Penso que, para esquecermos algo, é preciso que tenhamos conhecimento do que existiu, e me questiono o que ocorre com aqueles que não são esquecidos porque nunca foram sequer reconhecidos? Podemos pensar a história do cinema brasileiro a partir da chave do esquecimento, uma tradição subterrânea que pede por uma arqueologia de redescobrimento.
Para isso, é preciso retroceder alguns passos, olhando pelas entrelinhas as memórias de um tempo esquecido. Filmes perdidos na cinematografia brasileira, ligados ao bom e velho subdesenvolvimento terceiro-mundista, e ao próprio passado político brasileiro, são inúmeros e recorrentes. Em algum lugar, no sótão de um produtor antigo ou na casa de um parente distante, podemos encontrar uma fita em decomposição, a fita que falta para o cinema brasileiro ser revisto com outros olhos. Nesta relação, percebe-se que a tradição é feita pela memória, mas a memória histórica é contada pelos vencedores. E no contrapé do progresso residem os outros, apagados pelos livros de história.
Neste esforço do projeto Cinelimite reside um processo de rememoração da outra história da tradição cinematográfica, à qual o nome homônimo, Limite, relembra o único filme realizado em vida do escritor, poeta e cineasta Mário Peixoto. O anacronismo daprodução, realizada em 1931, é um exemplo único e isolado de um experimentalismo vanguardista mitológico que se alastrou pelas ruínas da produção brasileira. O paradoxo da obra de Peixoto é de um percurso curioso na historiografia brasileira. Perdido e reencontrado no tempo, por consequência da deterioração dos fotogramas, o filme só encontrou o olhar dos espectadores devido ao empenho de Saulo Pereira de Mello e Plínio Sussekind Rocha na restauração do filme. Em 1963, Glauber Rocha criticou[1] duramente o “Mito Limite” em seu livro Revisão crítica do cinema brasileiro. Sem ao menos ter visto o filme (pois na época os negativos corriam risco de perda total), Glauber deduzia a linguagem utilizada por Mário e proclamava que, para o Cinema Novo, Limite não interessava. Estava claro qual era a tradição escolhida pelo Cinema Novo: a história de Humberto Mauro e Nelson Pereira dos Santos. Nessa crítica direcionada, todo filme “experimental” até os anos 70 sofreu com os olhares e comentários ácidos dos cinemanovistas. Elemento curioso, pois poderíamos incluir Glauber, com o curta-metragem Pátio (1959), nesta tradição experimental, fato completamente omitido de seu livro, em 1963.

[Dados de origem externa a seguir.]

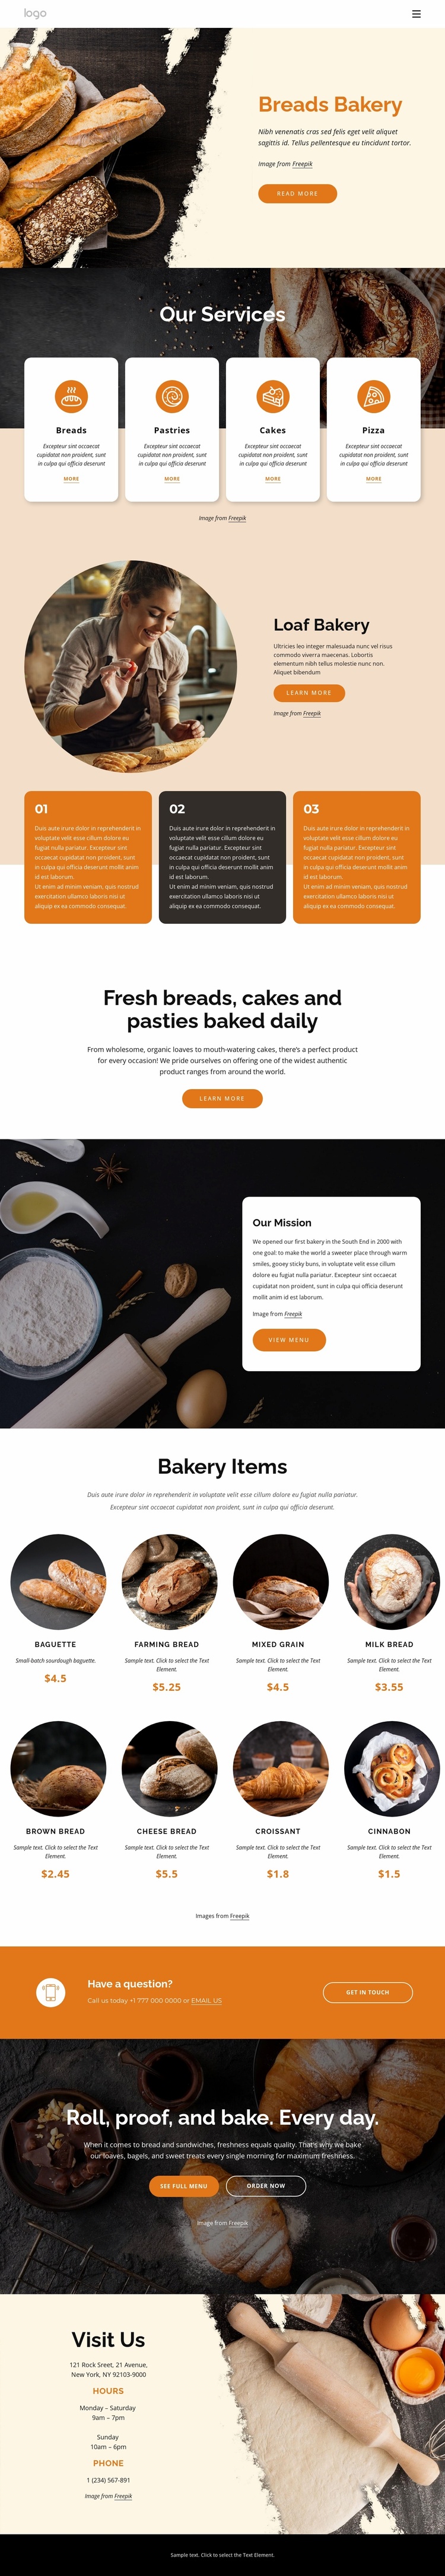 Breads bakery Website Template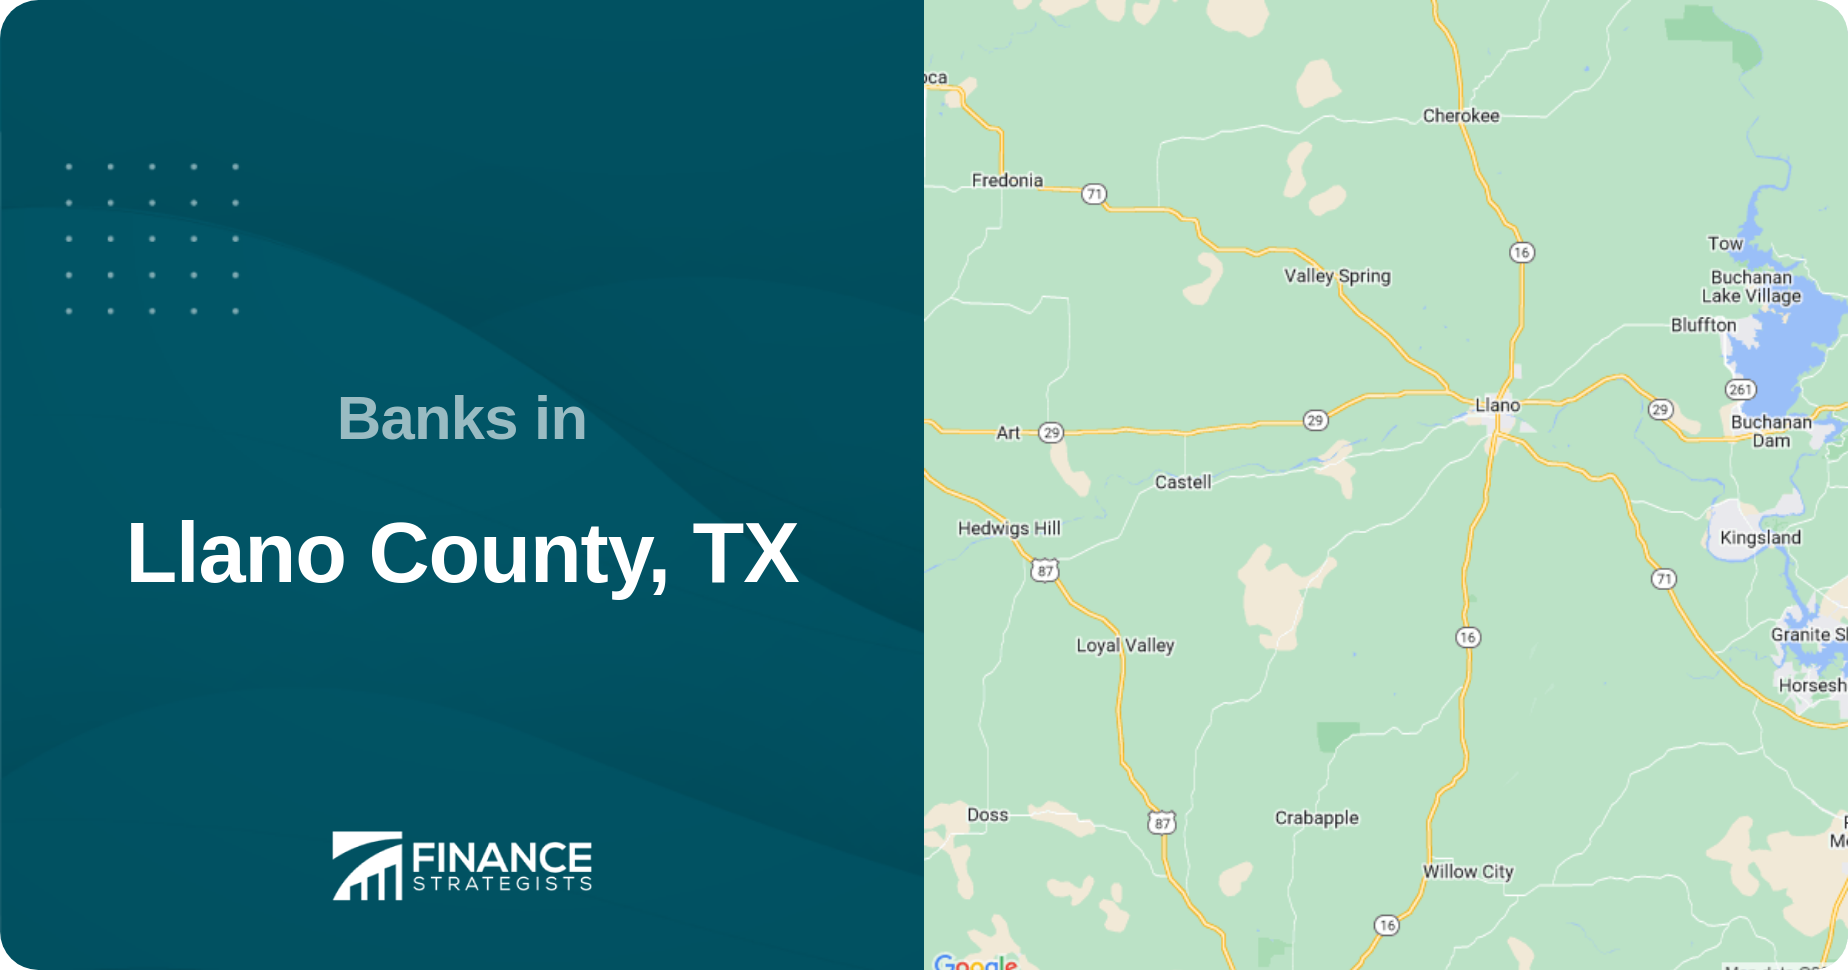 Banks in Llano County, TX

Hoje, Limite é um marco da história do cinema brasileiro, pois tornou-se visto e lembrado. No entanto, antes de ser revisto, Limite já era mito, diferentemente de alguns filmes presentes na sessão.
Entre o visto e o jamais visto, o espectador se coloca diante da tela e sua luz mágica do ecrã, e assim me coloquei naquela noite. Tratava-se de uma seleção de curtas, alguns mais conhecidos, como A entrevista (1966), de Helena Solberg (a única mulher do movimento cinemanovista), com sua cacofonia do voz over e os discursos das mulheres de classe média, durante os anos 60. Por outro lado, existiam filmes em sua primeira exibição mundial, como o citado O Cálice do medo (1973), de Edna Ribeiro.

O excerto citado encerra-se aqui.